Une étude menée conjointement par l’Institut Max-Planck pour la chimie et le Cyprus Institute et publiée en mars dernier annonçait la probabilité de plus en plus grande de voir des événements climatiques extrêmes au Moyen-Orient. «Une des différences que l’on constate dans la région MENA (Moyen-Orient et Afrique du Nord), c’est que le réchauffement sera plus marqué en été, alors qu’en Europe c’est en hiver», détaille George Zittis, du Cyprus Institute et auteur principal de l’étude, «si on ne fait rien, dans la seconde moitié du siècle, on verra de plus en plus de super et d’ultra-extrêmes vagues de chaleur durant lesquelles les températures pourraient monter jusqu’à 56 degrés, c’est-à-dire près de six à sept degrés de plus que les moyennes actuelles et même jusqu’à 60 degrés dans les centres urbains. Ces épisodes caniculaires pourraient durer des semaines, mettant en danger la vie des êtres humains et des animaux. Plus de 600 millions de personnes seront concernées dans la région MENA.»
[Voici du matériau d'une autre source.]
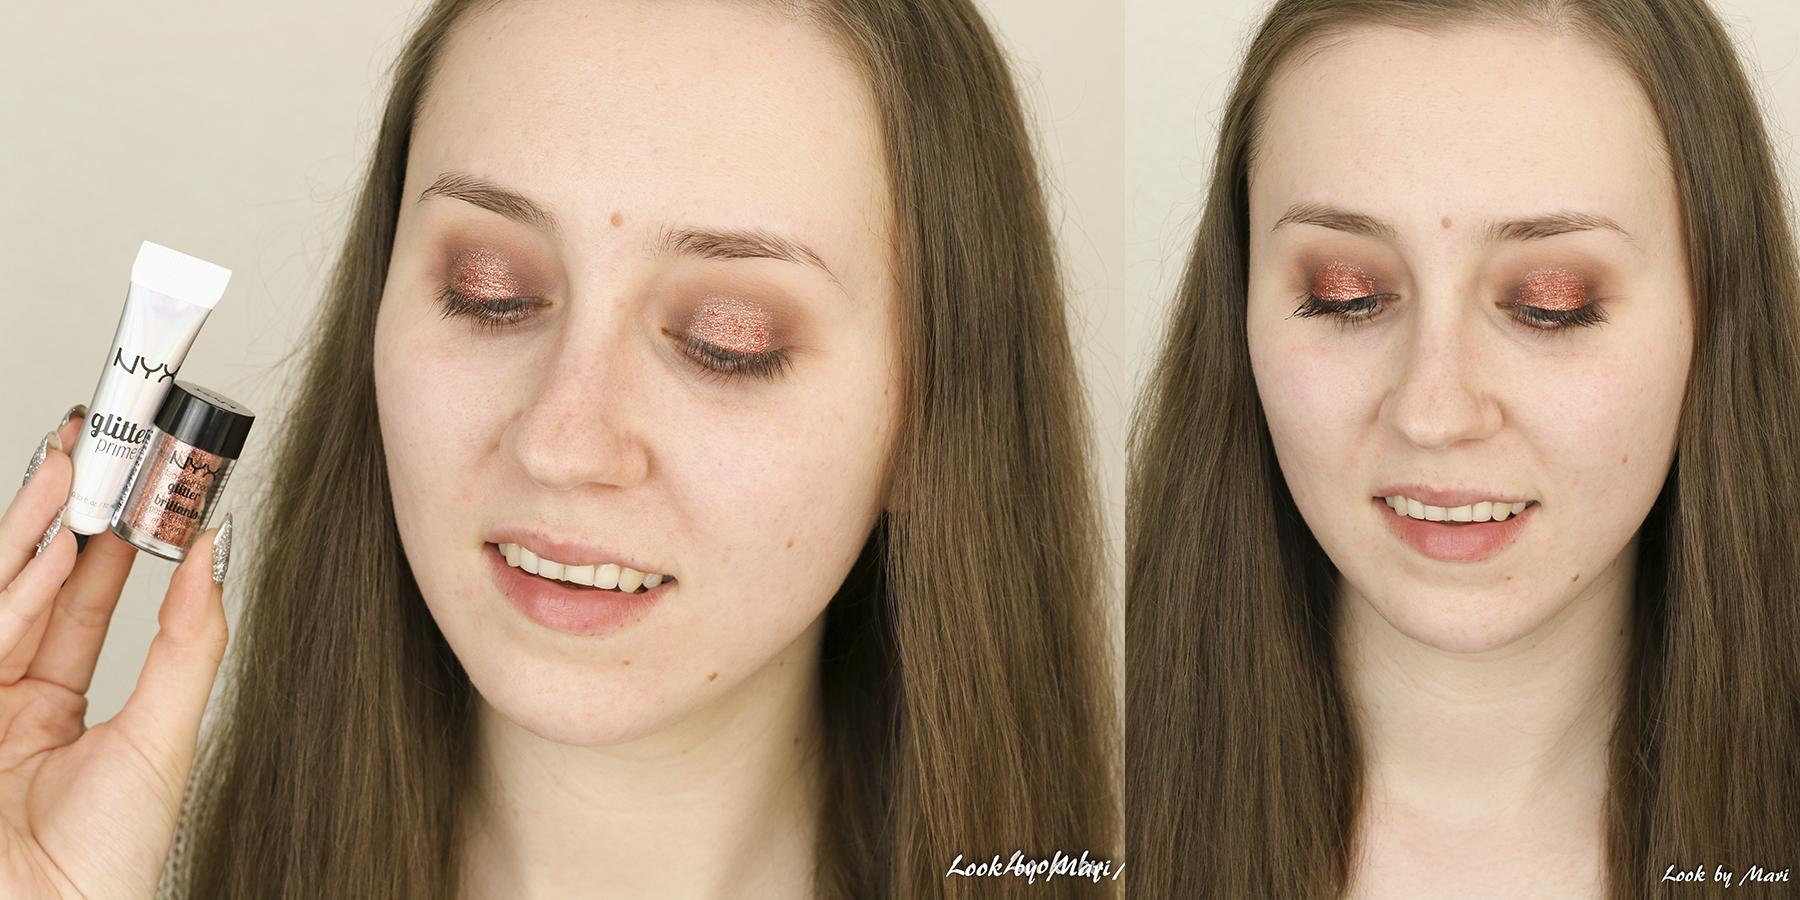 4 nyx glitter glue review kokemuksia nyx face & body glitter copper swatches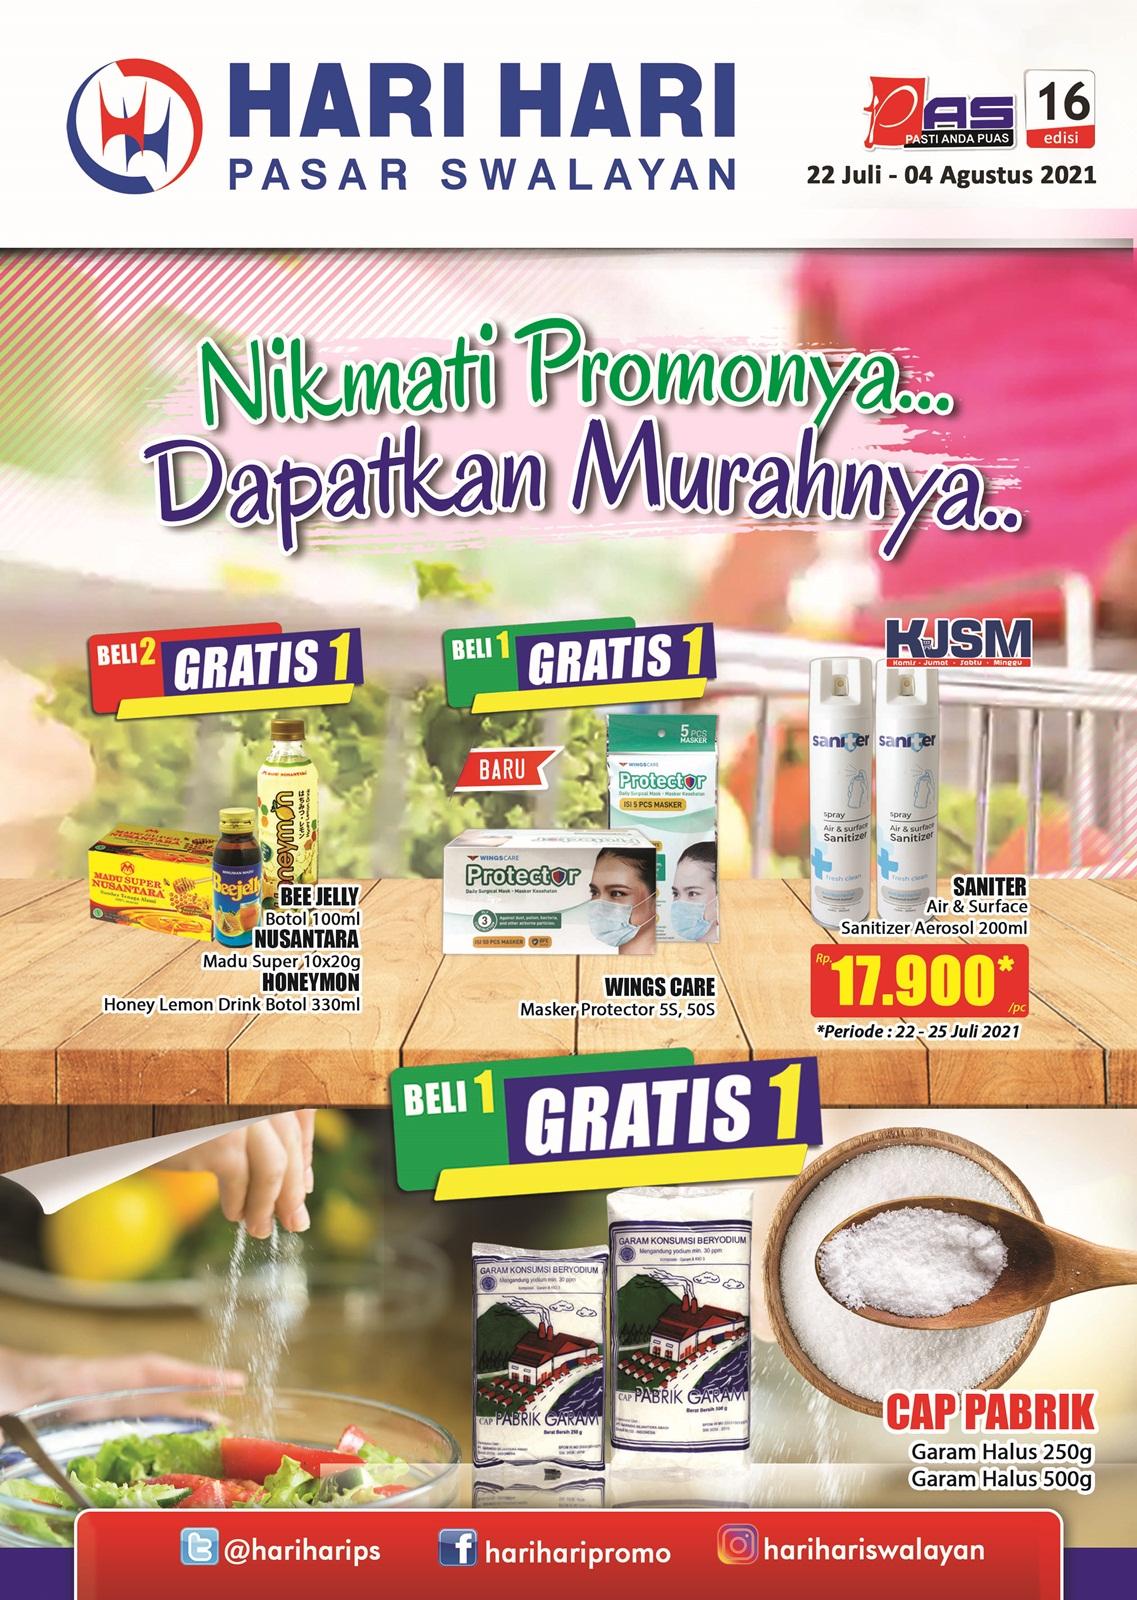 Promo Hari Hari Pasar Swalayan Katalog Mingguan Periode 22 Juli - 04 Agustus 2021

Selon les chercheurs, les vagues de chaleur du Moyen-Orient s’accompagneront d’une baisse sensible des précipitations, comme la sécheresse constatée cet été. Des millions d’Irakiens voient leurs récoltes être anéanties par la sécheresse. Face au manque d’eau chronique, le gouvernement irakien a décidé de réduire de moitié les surfaces qui seront cultivées l’hiver prochain. Des milliers de familles devront abandonner leurs terres pour s’établir ailleurs.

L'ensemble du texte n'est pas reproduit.